The XML Archiver - Research

Introduction

Nested Merge

System Architecture

Publications

N E S T E D M E R G E

Curated databases are predominantly kept in well-organised hierarchical data formats having a key structure that provides a canonical identification for each element by the path in which it occurs and the values of some of its sub-elements. Our archiver uses this property to efficiently maintain multiple versions of the same dataset. We distinguish between two different types of nodes in a hierarchy: (i) element nodes having a label, and (ii) text nodes having a value. Only element nodes may occur as internal nodes.

Key Specification

Element keys are defined using key constraints that are similar to keys for XML defined in Buneman et al. 2002. A key specification K is a set of key definitions k = (q, s), where q is an absolute path of element labels and s is a key value expression. Each key definition (q, s), specifies a set of elements reachable by path q and defines how the key value is derived from the elements subtree. We distinguish between three types of key value expressions:

EXISTENCE
SUBTREE
VALUES

All element keys are relative keys, i.e., the key value uniquely identifies an element among its siblings. Elements that are keyed by existence are keyed by their label. Elements that are keyed by subtree are uniquely identified by the value of their whole subtree (see Buneman et al. 2004 for definitions of subtree values). For elements e that are keyed by values an additional set of relative path expressions is given. Each path expression p specifies an element in the subtree of e whose value is used as part of the key value for e. These values are referred to as key path values.

Example

The figure below shows (part of) the key specification for the Factbook, stating that countries, categories, and properties are identified by their respective name element, whereas name and text are keyed by existence, i.e., they appear only once among the children of their parent.

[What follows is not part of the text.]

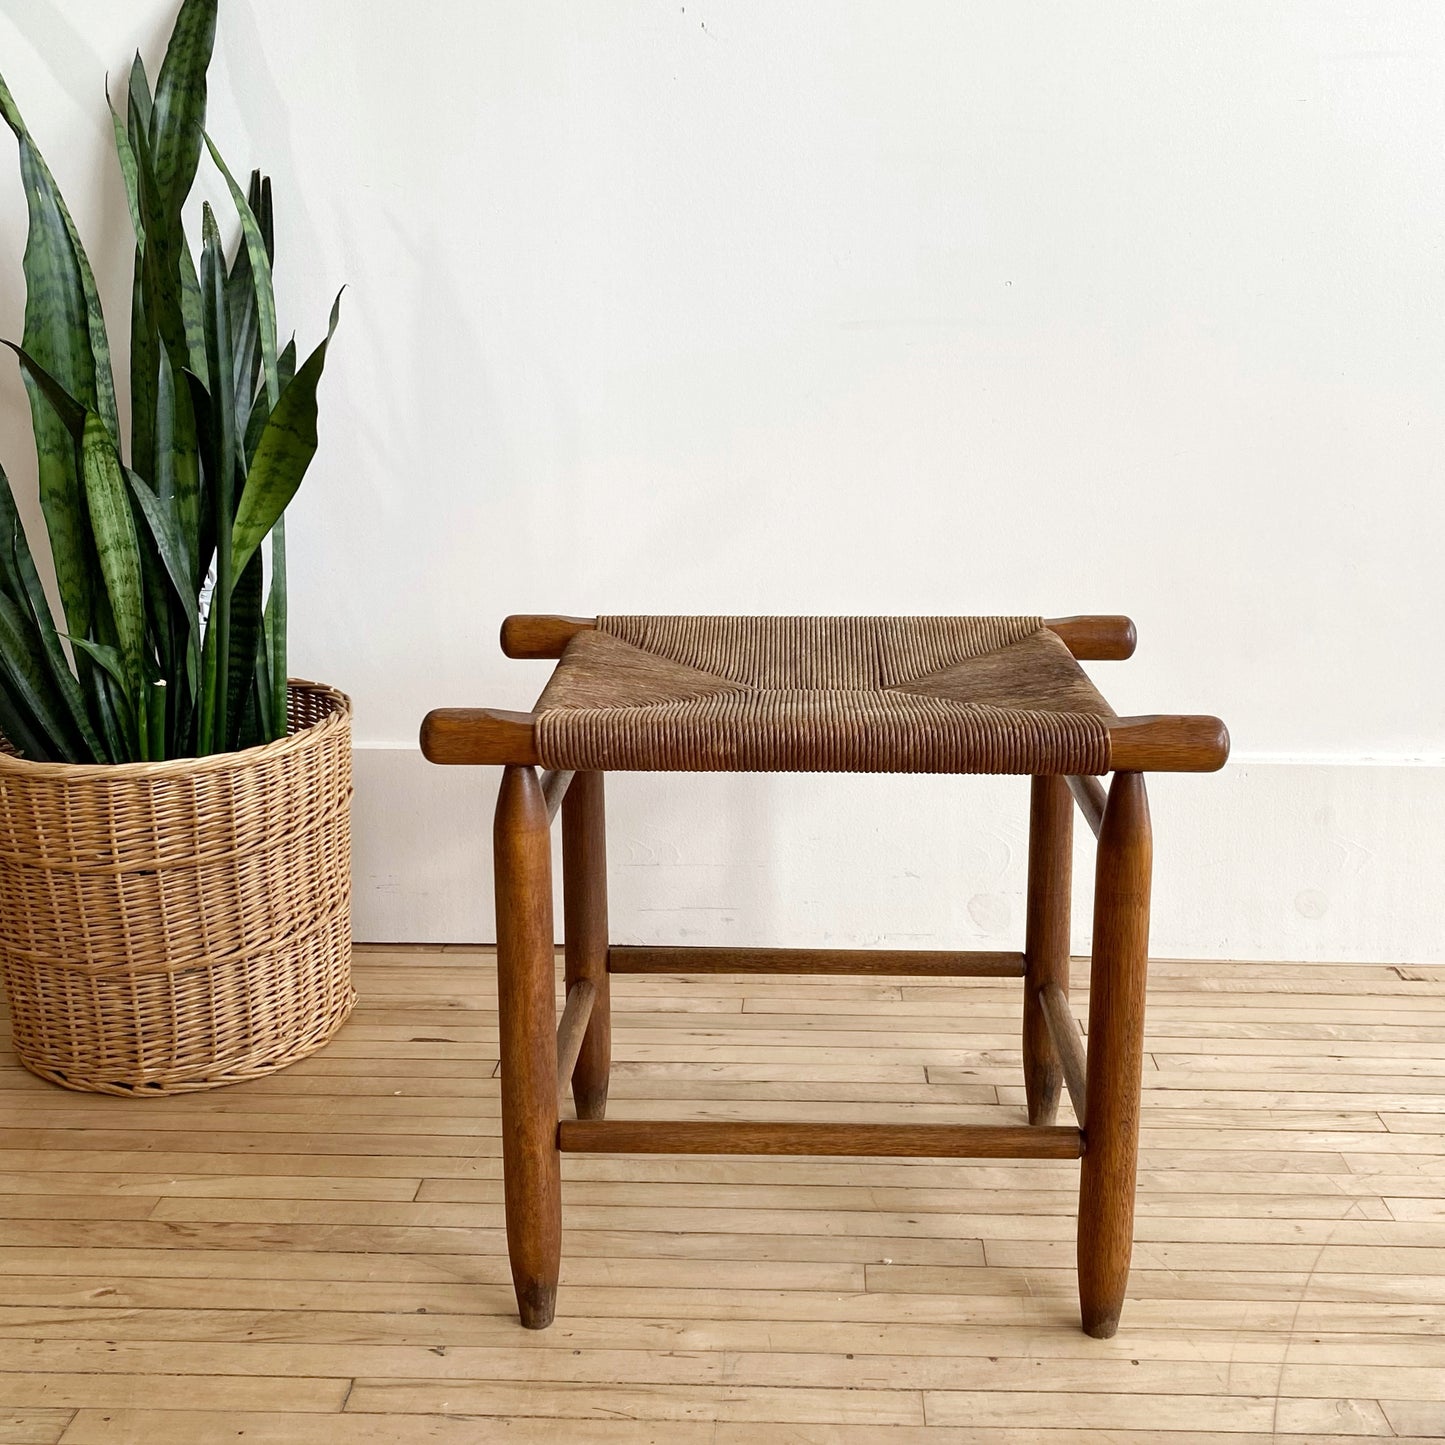 Found Antique Handwoven Paper Cord Stool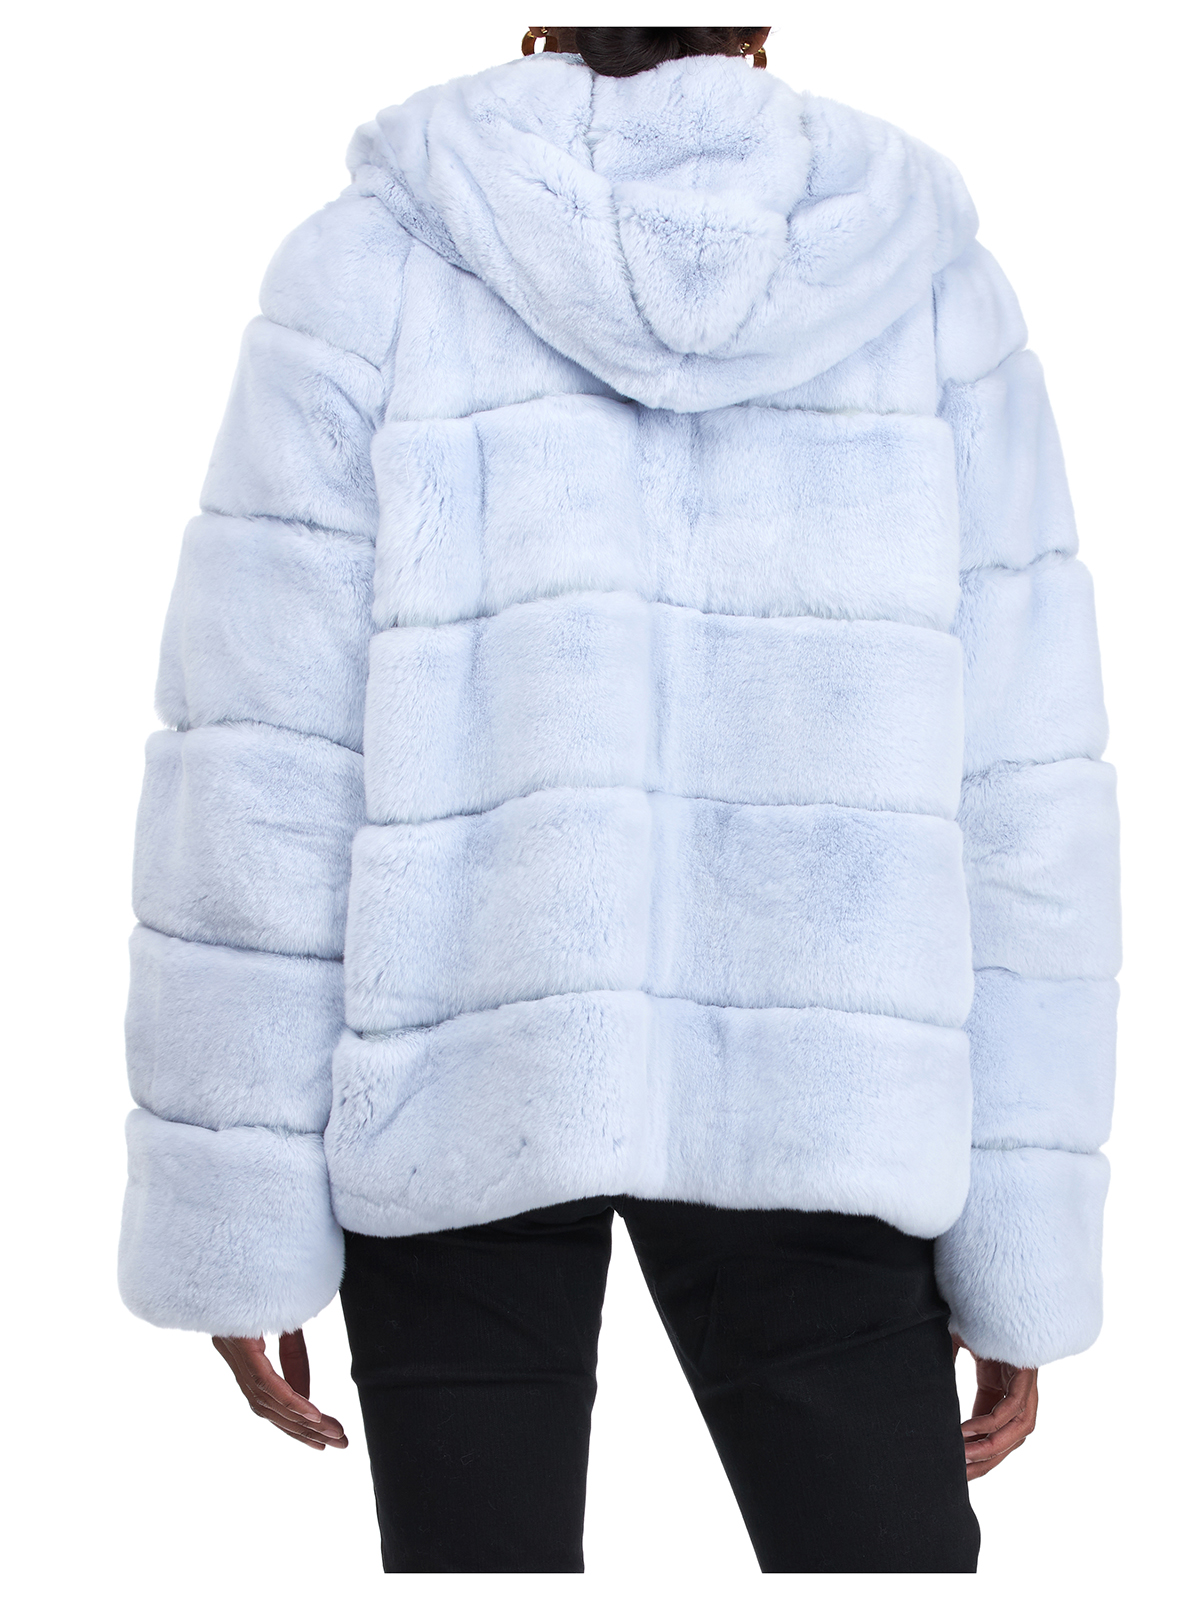 Gorski Woman's Sky Blue Rex Rabbit Fur Jacket Reversible to Quilted ...

Merging Multiple Database Versions

In Buneman et al. 2004 a nested merge approach to archiving is developed that efficiently stores multiple versions of hierarchical data in a compact archive by ''pushing down'' time and introducing timestamps as an extra attribute of the data. Archives of multiple database versions are generated by merging the versions into a single hierarchical data structure. Corresponding elements in different versions are identified based on their key values. The archiver stores each element only once in the merged hierarchy to reduce storage overhead. Archived element and text nodes are annotated with timestamps representing the sequence of version numbers in which the node appears.

The above figure shows the resulting archive from merging the two examples from the Factbook in 2005 and 2006. Timestamps are shown in square brackets as edge labels of their respective nodes. Note that we only show (and materialize) the timestamps for those nodes whose timestamp differs from their parent's one.

The nested merge approach has several advantages regarding storage space, retrieval of database versions, and tracking of object history. For example, the 19 annual releases of the Factbook between 1990 and 2008 contain a total of 3,770,468 nodes whereas the resulting archive contains only 765,355 nodes. Although the information in the Factbook changes quite significantly in between the years, there is reduction in storage space is from 95.7 MB for the set of individual releases to 39.1 MB for the archive (from 19.1 MB to 6.8 MB if the files ares stored in GZIP-format).